Available data START

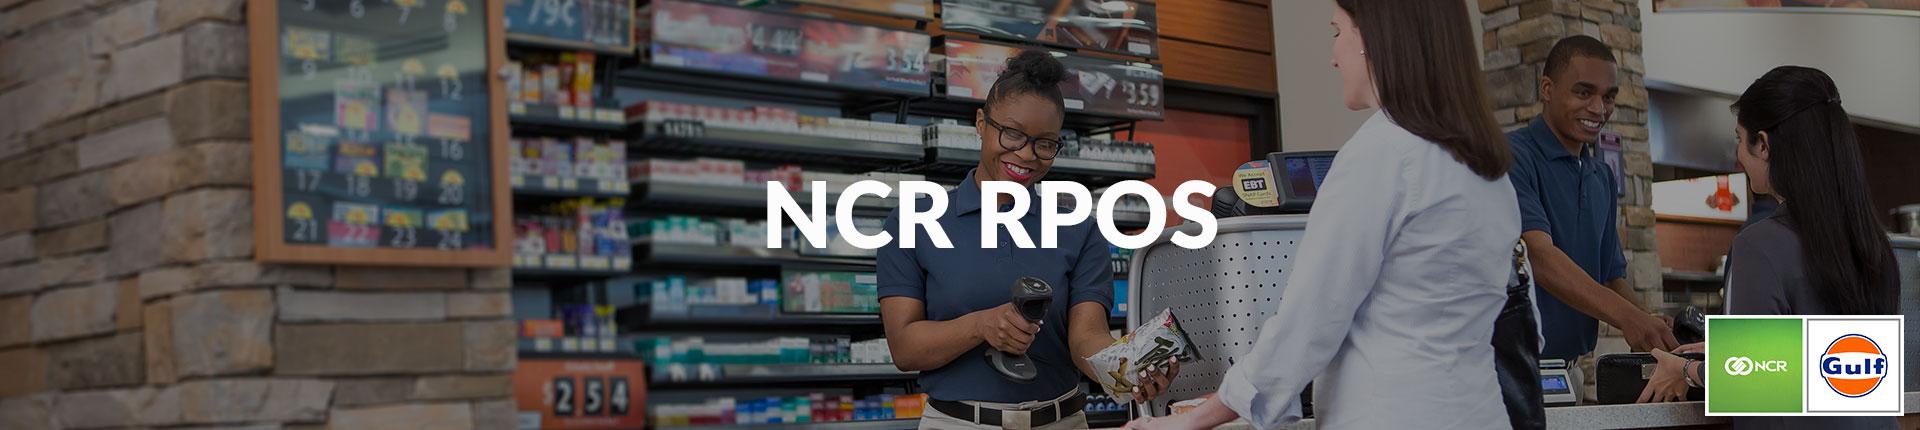 NCR RPOS
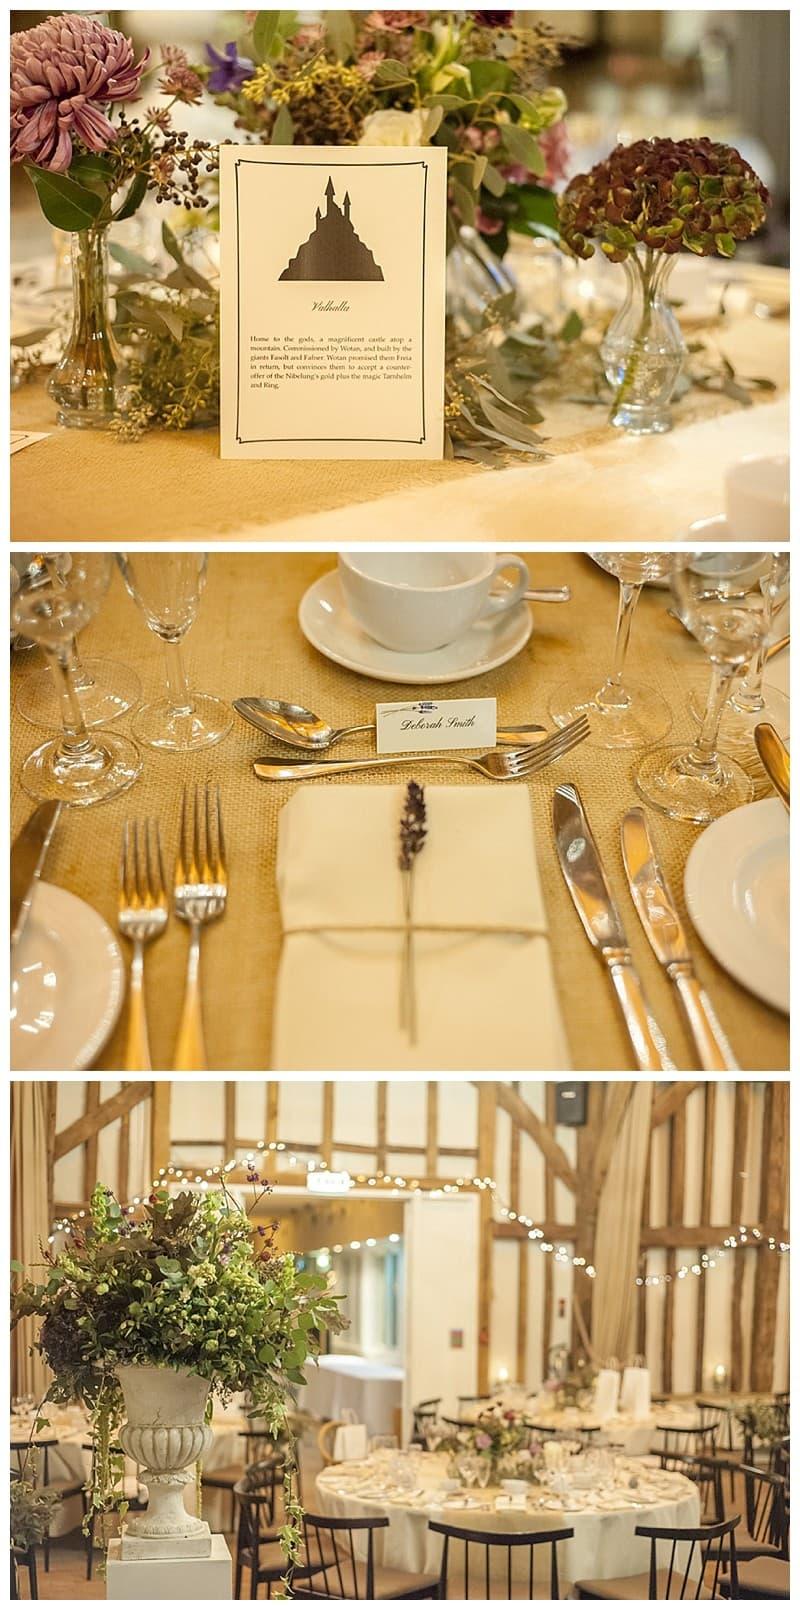 Stuart & Deborah, The Olde Bell, Hurley Wedding, Benjamin Wetherall Photography0074
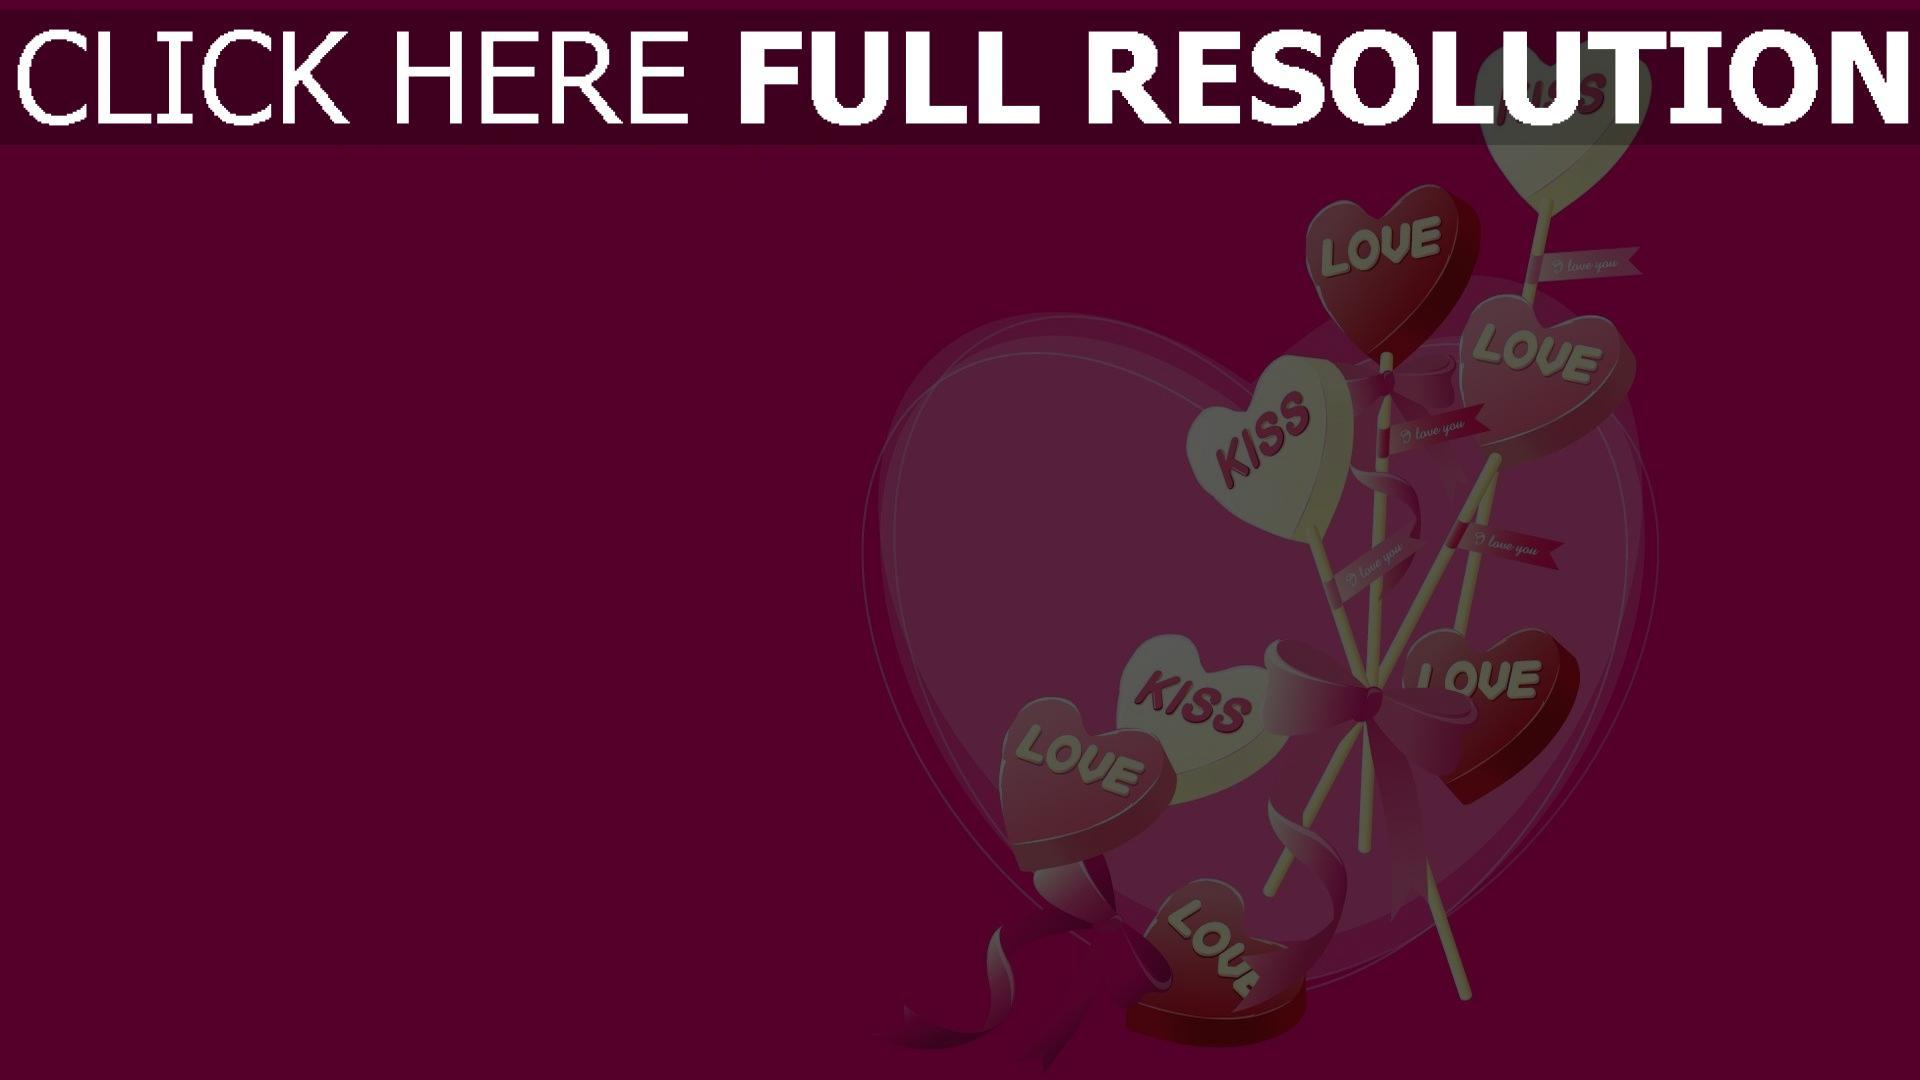 Hd Hintergrundbilder Valentinstag Herzen Formen Rosa Gluckwunsche

Available data END

- [Exercise description]: The result should be a word-for-word restatement of all the data, without images.

- [Task answer]:
 NCR RPOS
 Stuart & Deborah, The Olde Bell, Hurley Wedding, Benjamin Wetherall Photography0074
 Hd Hintergrundbilder Valentinstag Herzen Formen Rosa Gluckwunsche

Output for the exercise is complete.